■ **Input data**:
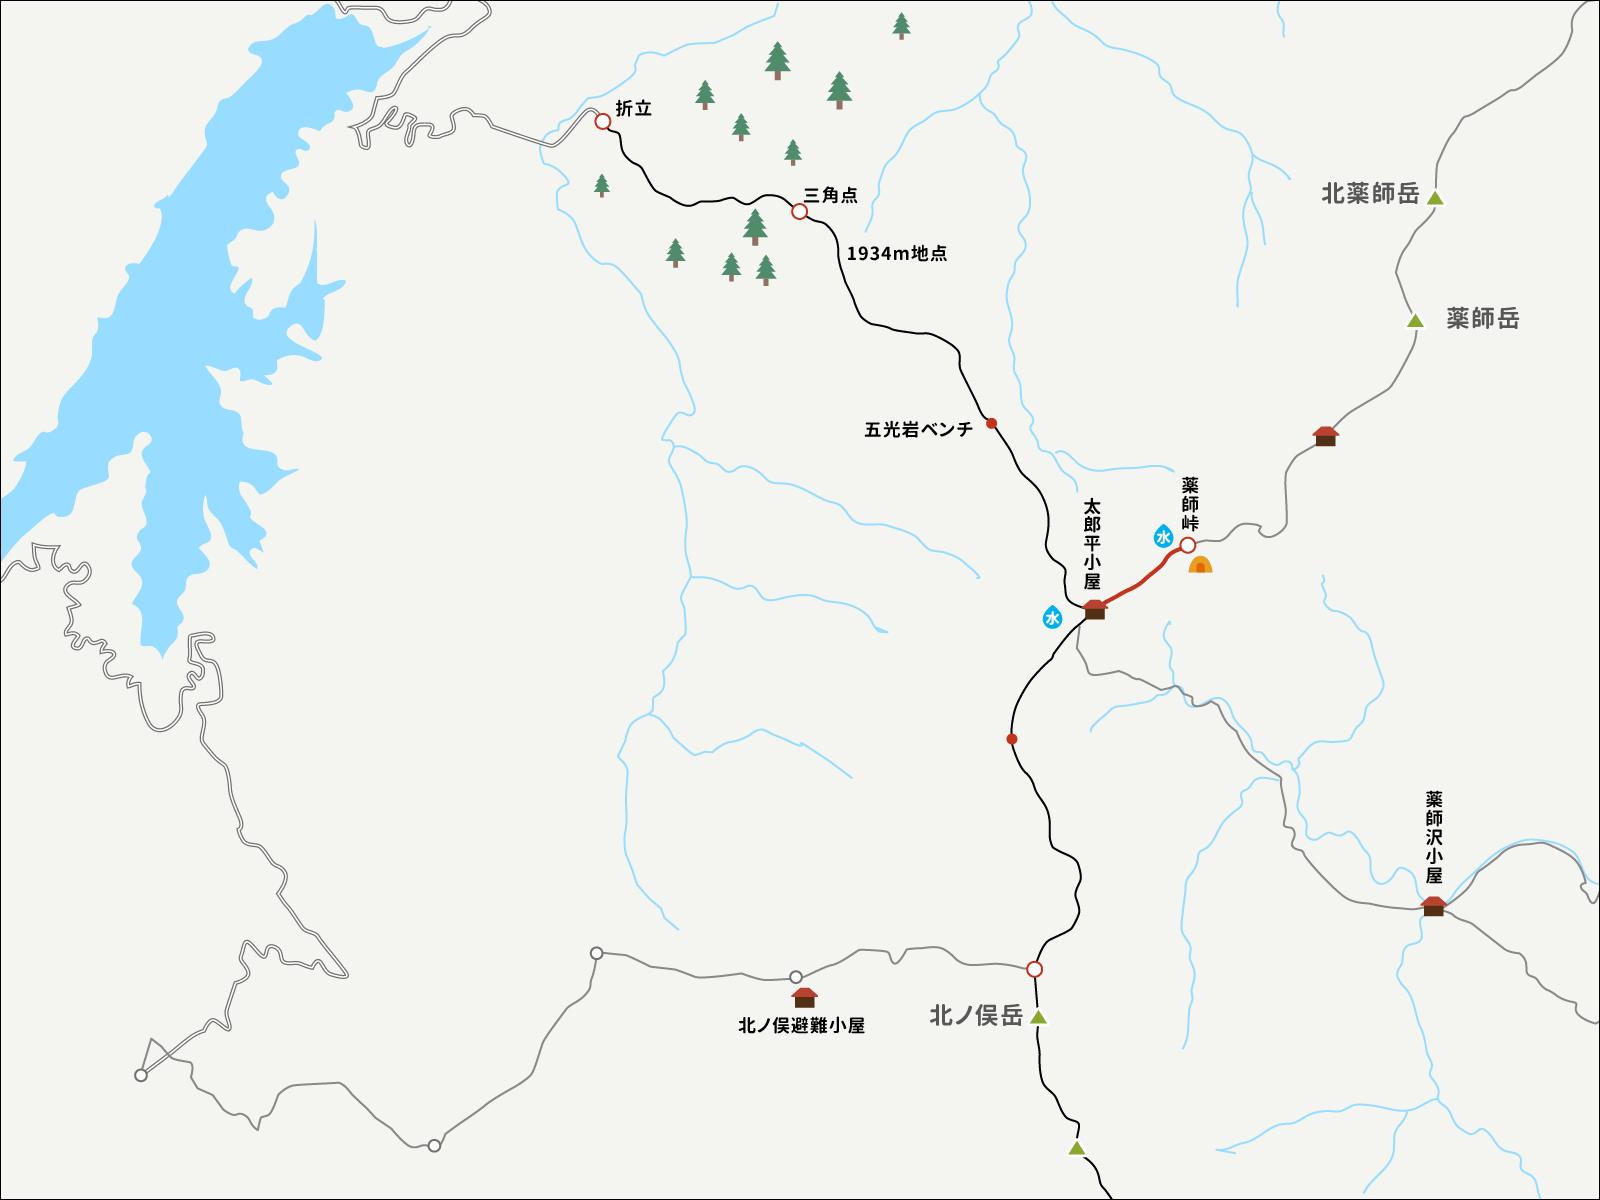 薬師峠キャンプ場から太郎平までのイラストマップ
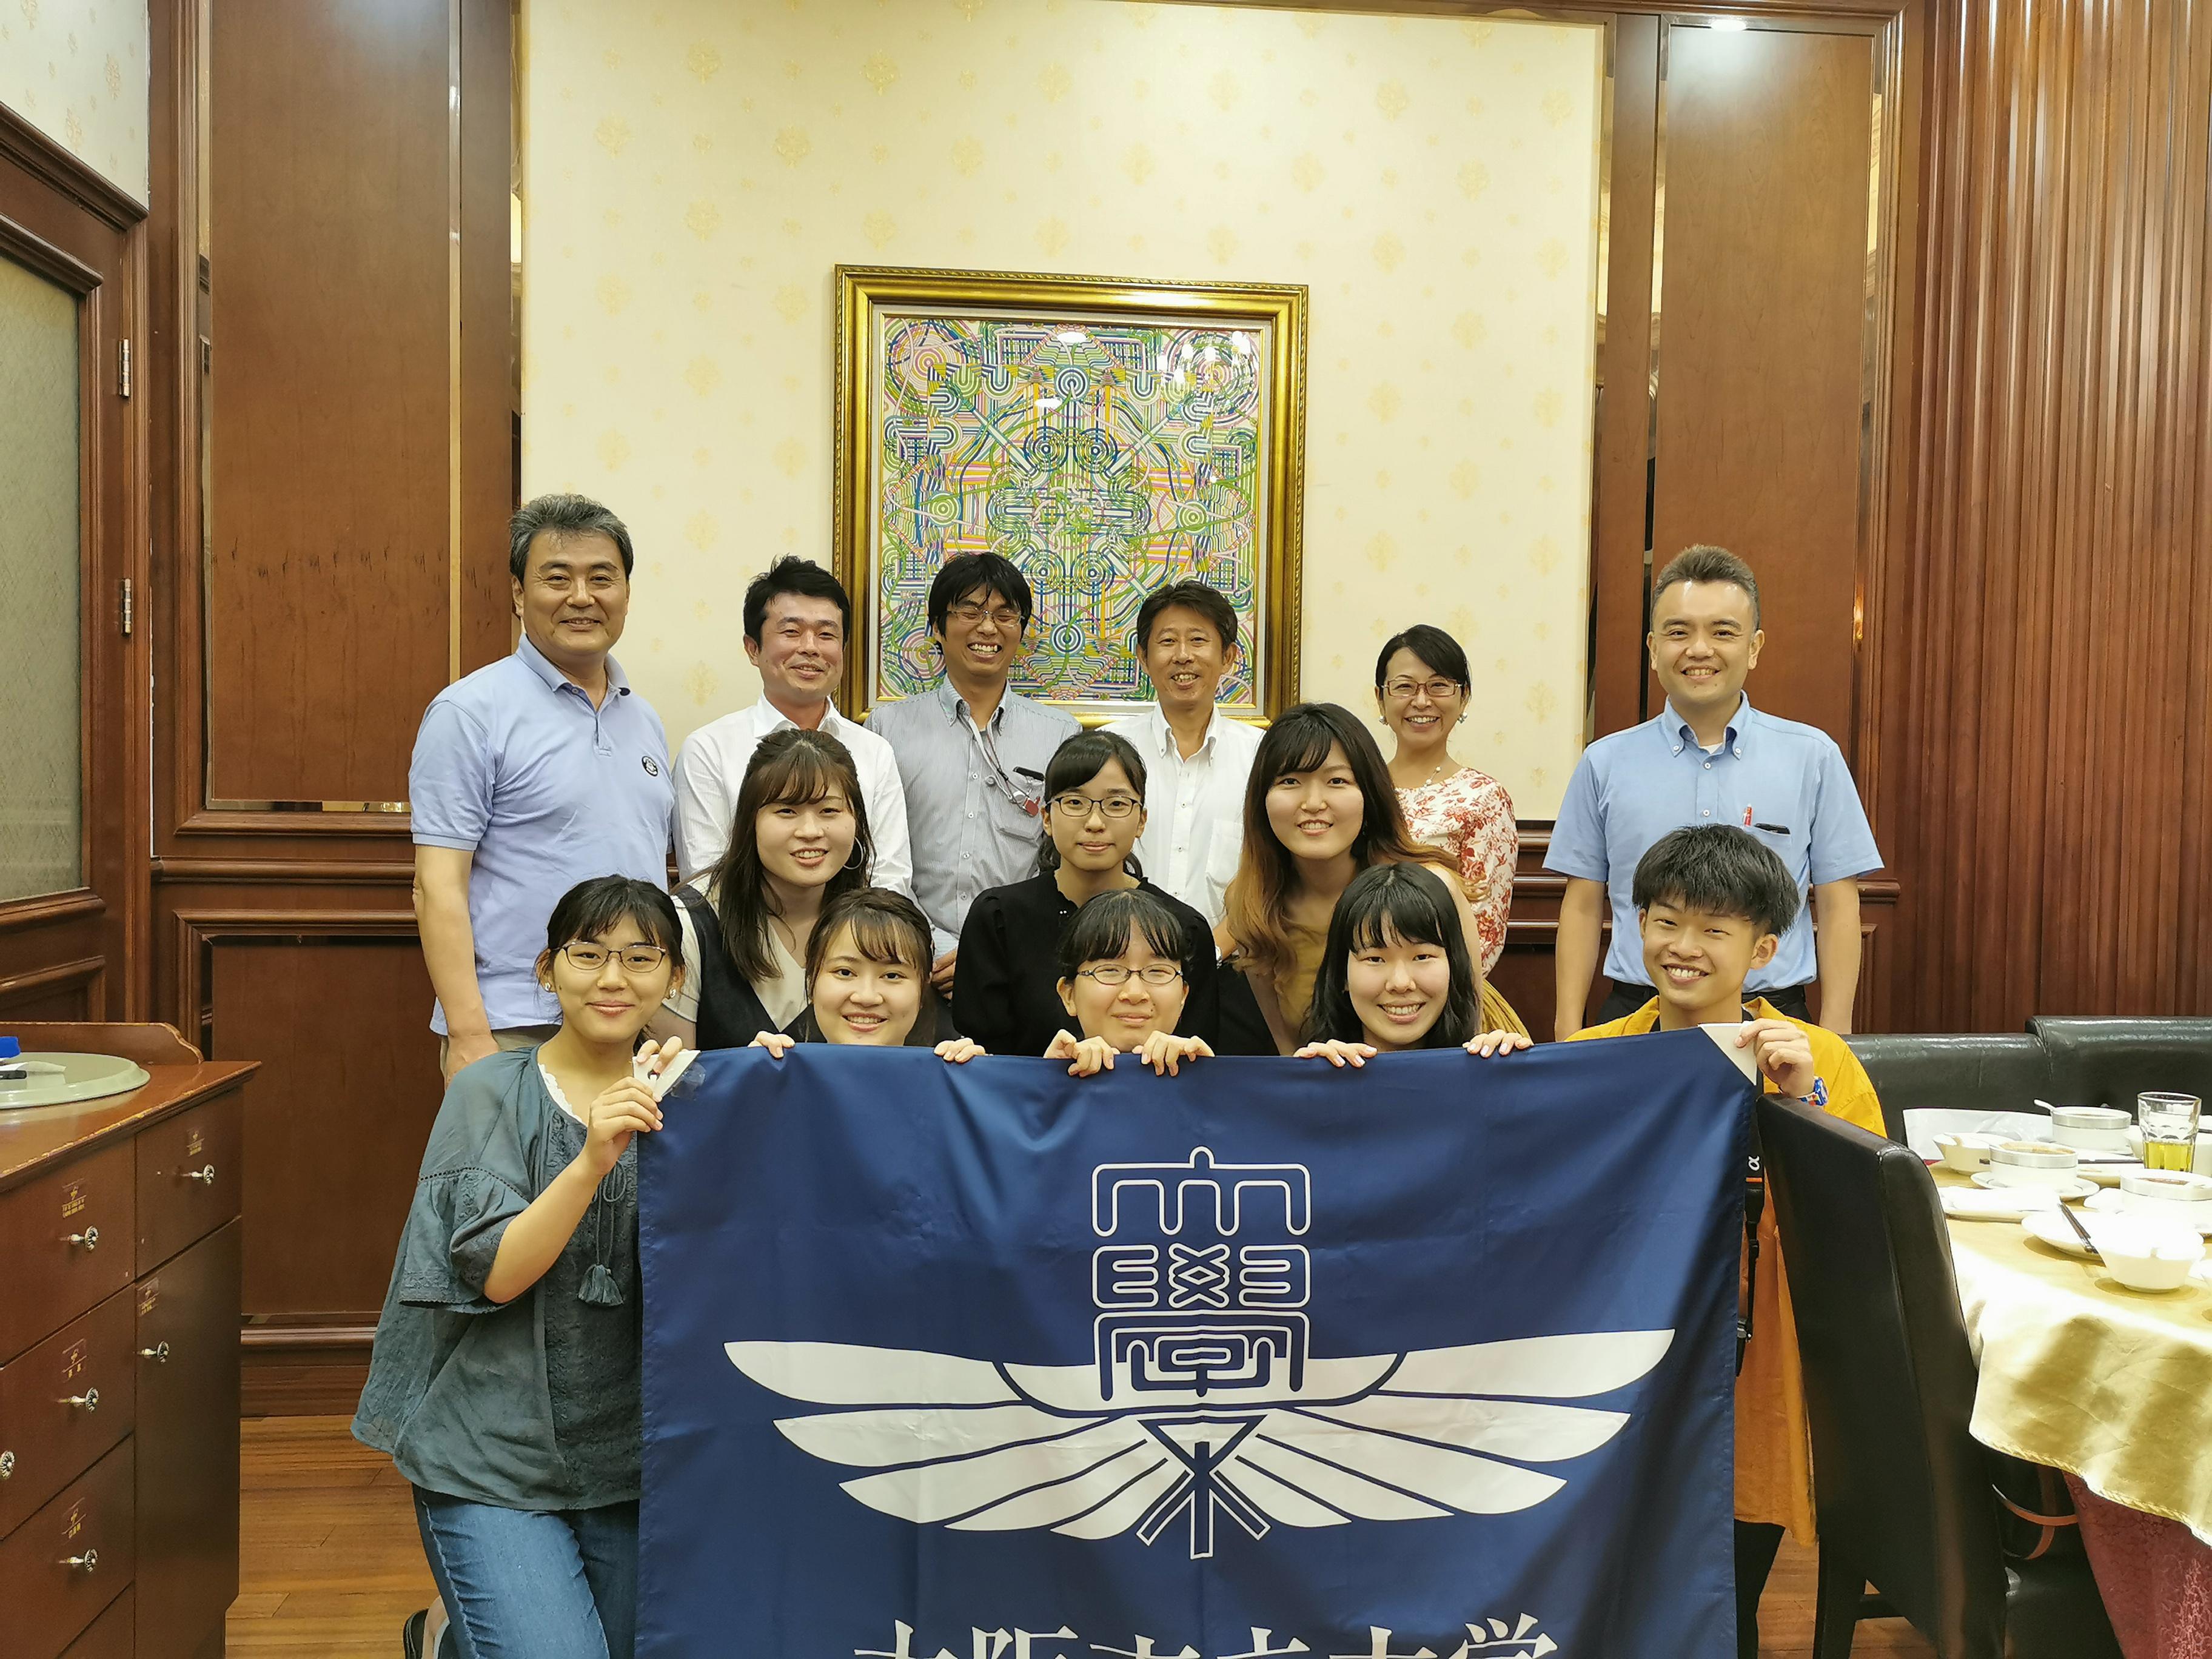 8月20日华东师范大学短期汉语留学生与上海友好会的交流会
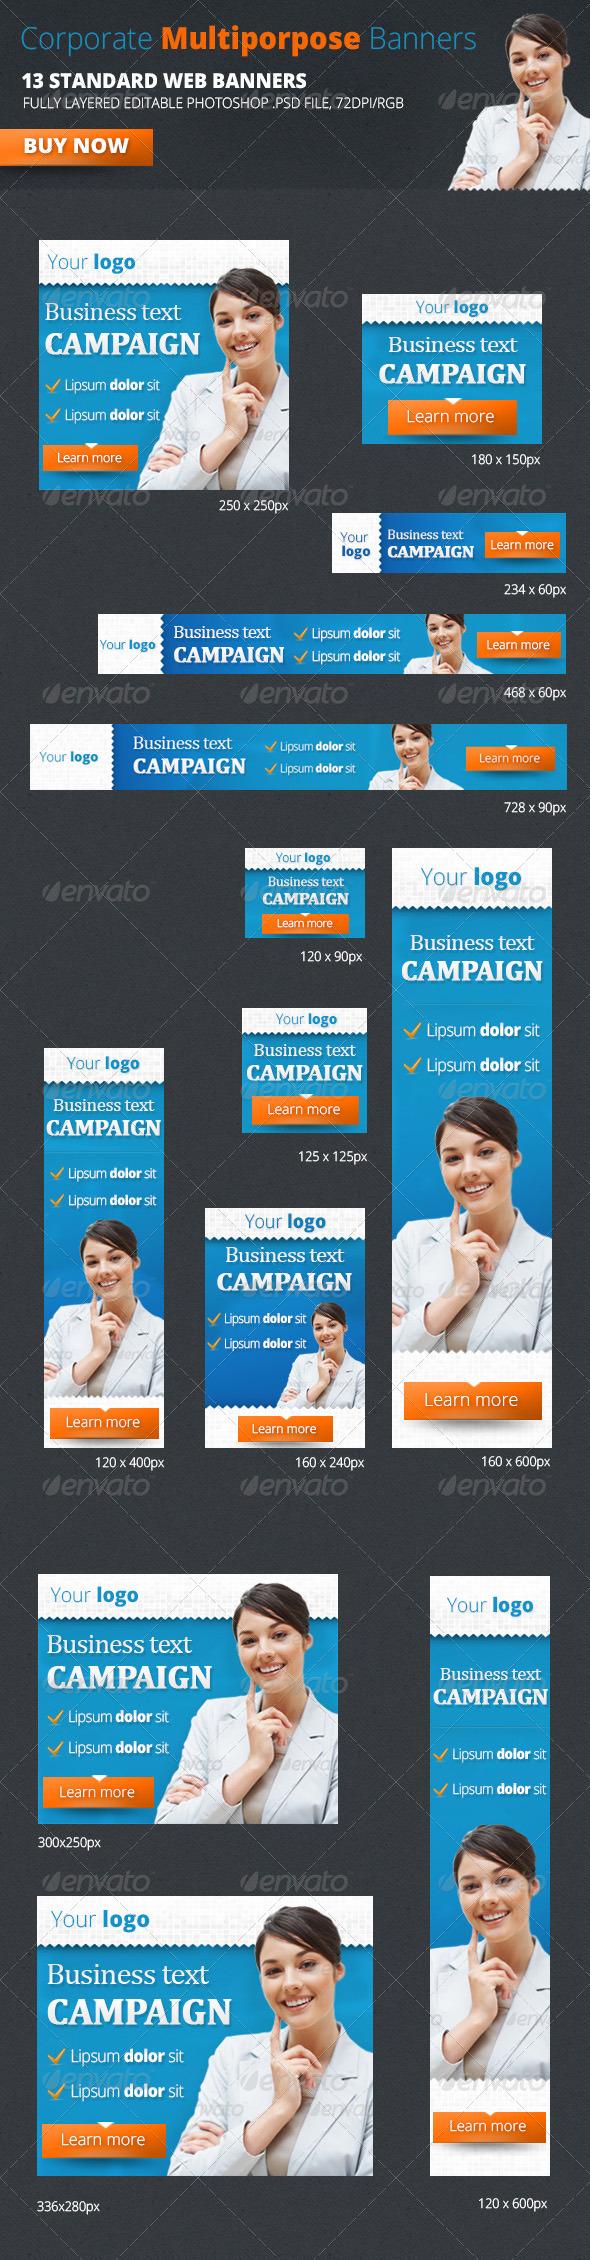 GraphicRiver Corporate Multiporpose Banners 4815922
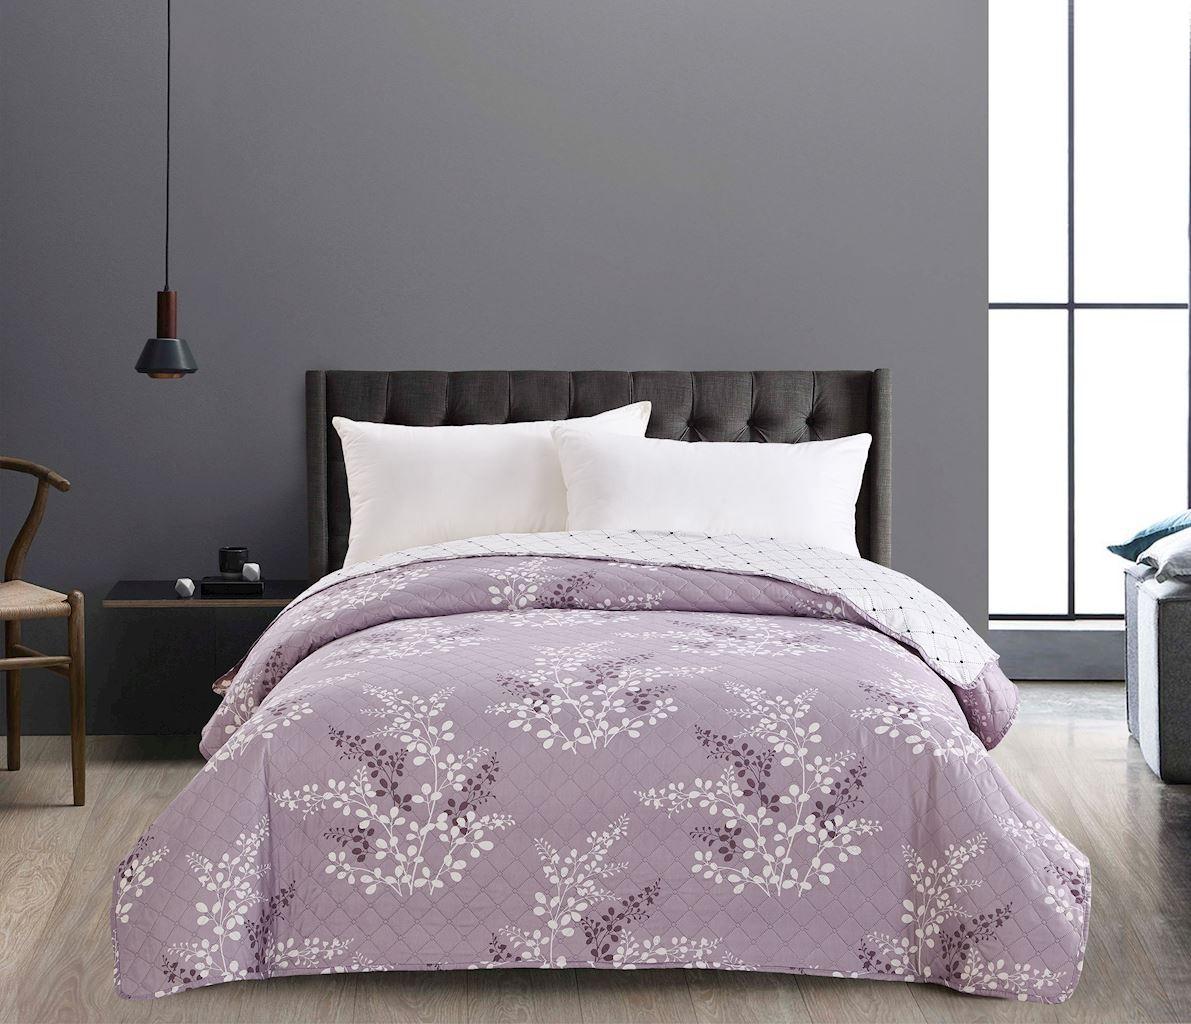 Kvalitní přehozy na postel fialové barvy

■ **Directions**:
Every line above is to be given again exactly, apart from the pictures.

■ **Exercise answer**:
 薬師峠キャンプ場から太郎平までのイラストマップ
 8月20日华东师范大学短期汉语留学生与上海友好会的交流会
 GraphicRiver Corporate Multiporpose Banners 4815922
 Kvalitní přehozy na postel fialové barvy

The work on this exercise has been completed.